Stardate
20021213.0658 (On Screen): Stan from Oz sends me this article which contains a claim by the "spiritual leader" (whatever the hell that means) of Jemaah Islamiah that if Australia actually does try to preemptively attack Muslim terrorist groups in the region that Australia would be, in his words, "destroyed instantly". Stan writes:
Interesting to see how he would be able to carry out his threat to instantly destroy a nation, which would be pointless as he wants Australia to be an Islamic state within the next 100 years.
It seems to be an aspect of the culture of our enemies to make extremely grandiose threats (God willing) to their opponents, especially as a way of covering up weakness. They seem to think highly of bluff as a way of making a strong opponent back down, and the weaker they are the more they'll claim they can do.
I find myself wondering just who the actual audience for this kind of thing is. Does he really think that Australians will somehow decide to convert the nation to an Islamic Republic?
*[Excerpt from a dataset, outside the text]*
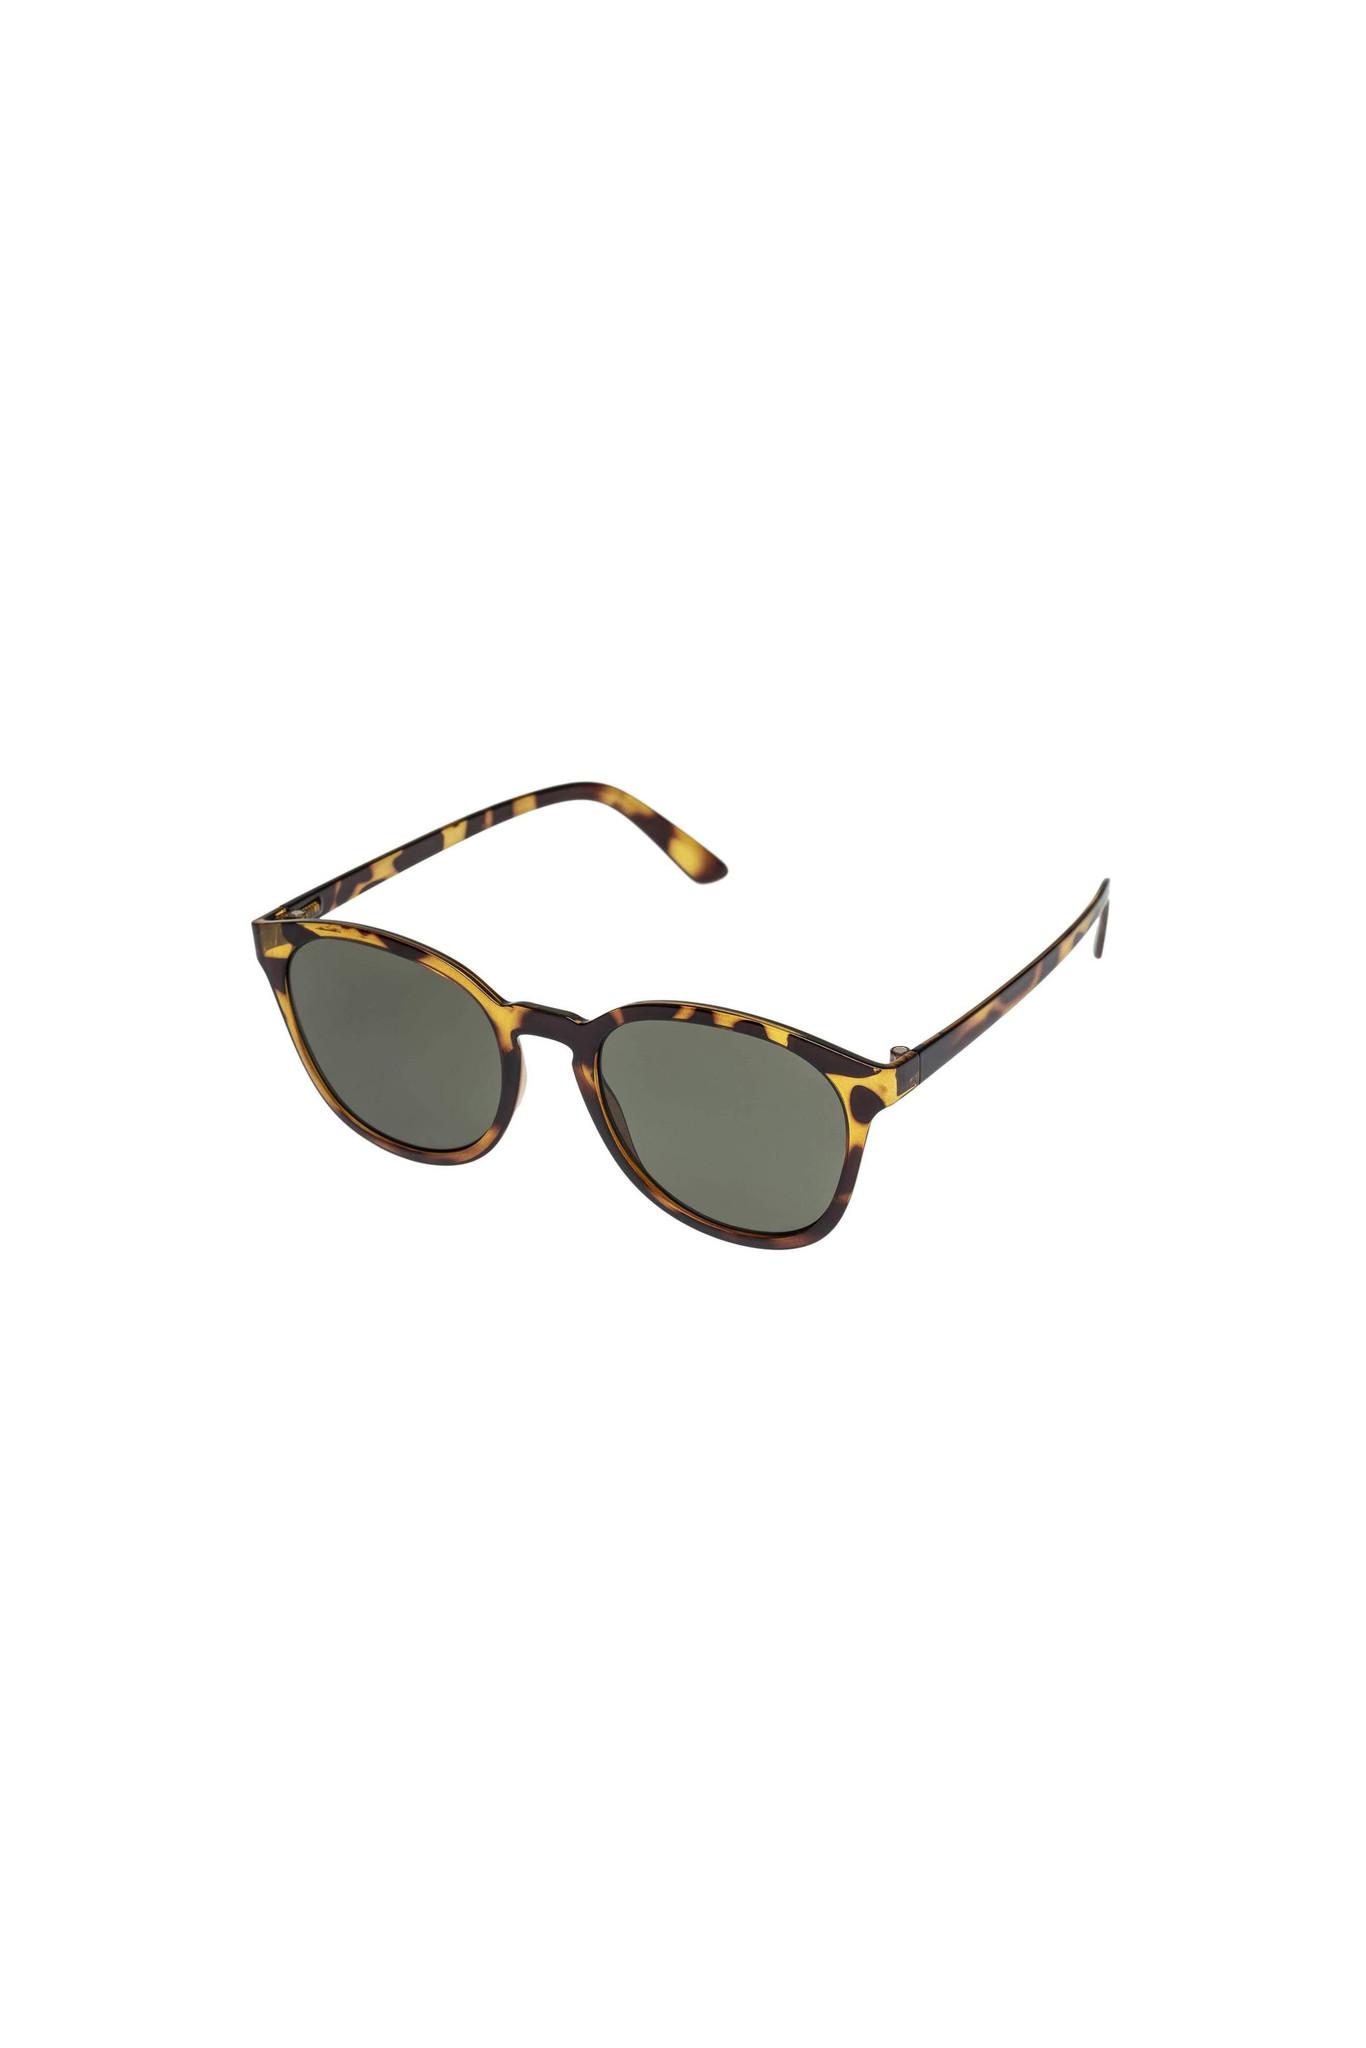 Renegade Sunglasses - Syrup Tortoise-2

I don't think even he's that far gone, though it's possible that the Islamist movement has somehow created its own equivalent of the Marxist dogma of historical inevitability (and therefore suffers from an equivalent frustration when their inevitable future victory shows not the slightest sign of arriving any time soon).
I think this is more intended for local consumption, to build him up in the eyes of the local Muslims. I have to wonder whether he might not be doing a Schröder. Is he standing up to big bad Australia primarily so as to try to build up his own reputation in the eyes of the other members of the movement?
But it may be that I'm too practical and too concentrated on the temporal. Another possibility is that he's expecting divine intervention. If so, instant destruction becomes completely plausible.
But we've been seeing this kind of bluff and bluster from our enemies in this war from the very beginning. The Taliban made truly amazing claims about the size and equipment and training of their core military in late September 2001, and about how if America tried to actually attack then the American soldiers would be as animals led to slaughter. Saddam's international rhetoric about the power and dedication of his armed force is part and parcel of the same thing. And the government of Syria just invoked, yet again, the spectre of the "Arab Street" in claiming that a US attack on Iraq would somehow or other cause even more terrorism.
While one would have to be an idiot to assume a perfect correlation here, it seems to be a useful heuristic now that the greater the threats coming from our enemies, the weaker the reality. When our enemies actually have the capabilities they claim, they use them. When they bluster, it's because they're weak. There were no threats before 9/11. There were no threats before Bali. And there has never actually been a major attack or a major danger revealed after any of their threats.